Der Frust unter den Beschäftigten sei "riesig", berichtete Benner. Aus Sicht der Gewerkschaft sei es "längst Zeit für einen Weckruf - und zwar Richtung Arbeitgeber und Richtung Politik". Die Beschäftigten haben die Krise in der Automobilindustrie nicht verursacht.

Die IG-Metall-Chefin kritisierte, die deutsche Automobilindustrie habe seit 2022 mehr Geld im Ausland als in Deutschland investiert. Forschungs- und Entwicklungsstandorte würden dicht gemacht "und es gibt auch ein Aderlass bei Entwicklungsdienstleistern".

Das sei "ein Angriff auf unser deutsches Wohlstandsmodell, auf unser Wirtschaftsmodell und auch auf unsere Demokratie". Damit müsse Schluss sein, "deswegen gehen wir auf die Straße".

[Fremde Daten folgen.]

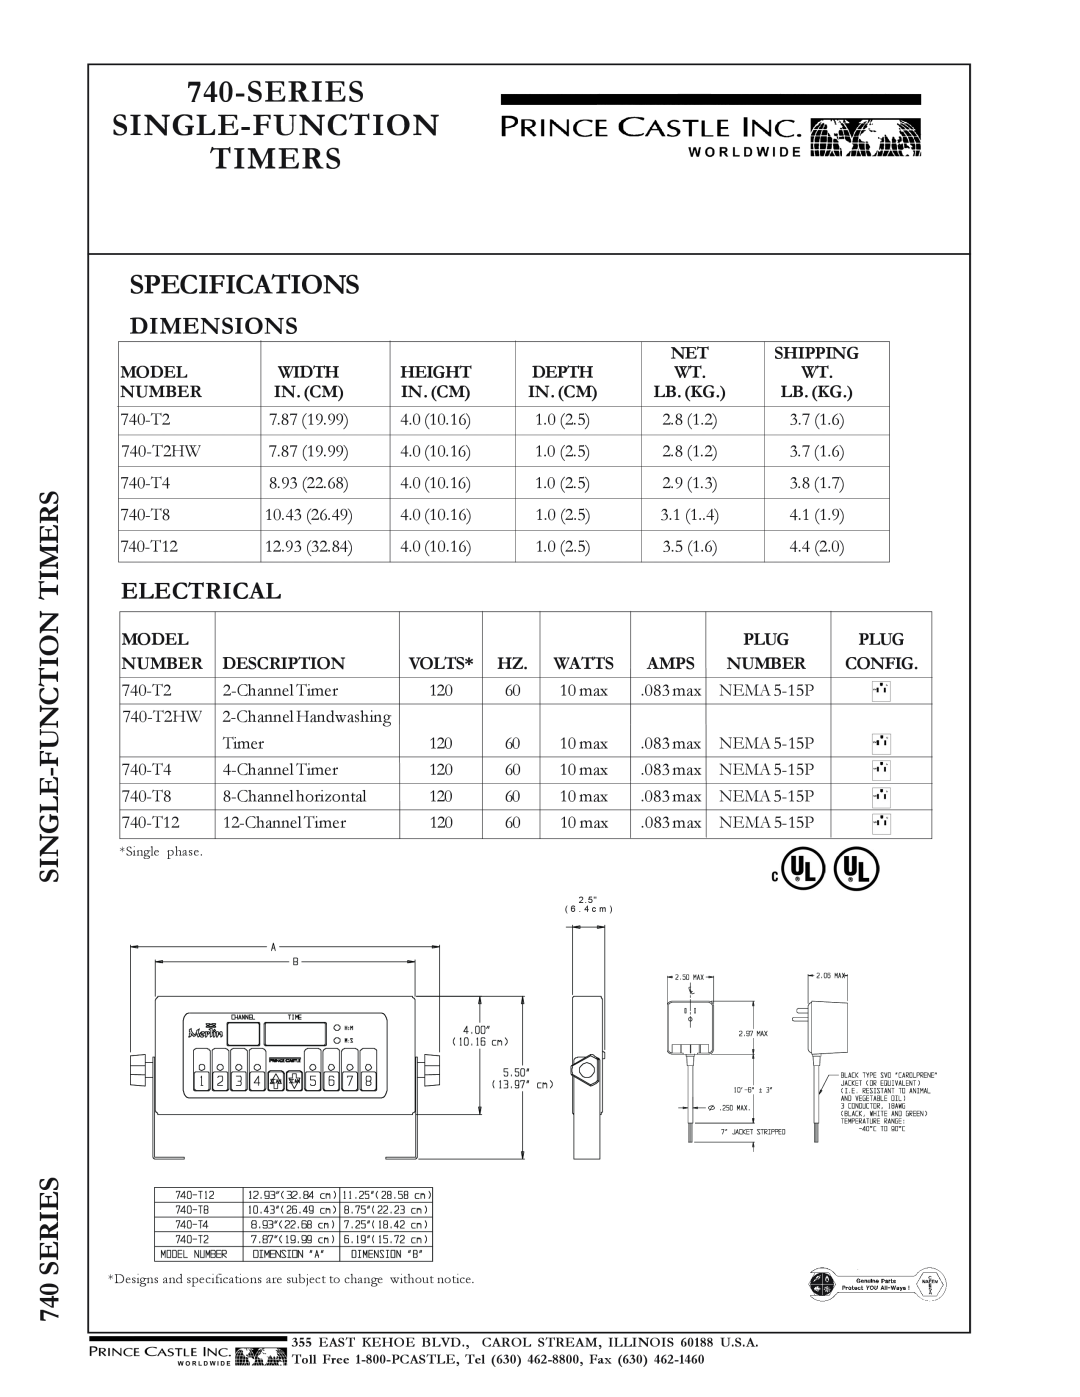 Prince Castle 740-T2, 740-T8 Series Single-Function Timers, SINGLE-FUNCTIONTIMERS 740 SERIES, Specifications, Dimensions

Sie forderte langfristiges Denken statt "kurzatmige Sparpakete und Standortabbau", mehr Innovationen sowie Investitionen in deutsche Standorte und in Zukunftstechnologien wie autonomes Fahren. Die Unternehmen müssten außerdem ihre Kosten senken - allerdings nicht die Löhne. Nötig sei etwa die Produktion von Autos als einheitliches Modell in großer Stückzahl - "die Luxusstrategie ist gescheitert".

Geplant am kommenden Montag sind nach Angaben der Gewerkschaft mehr als 200 Aktionen im Bereich von etwa 80 IG-Metall-Geschäftsstellen. Sie sollen teils auf dem Betriebsgelände, teils vor den Werkstoren stattfinden.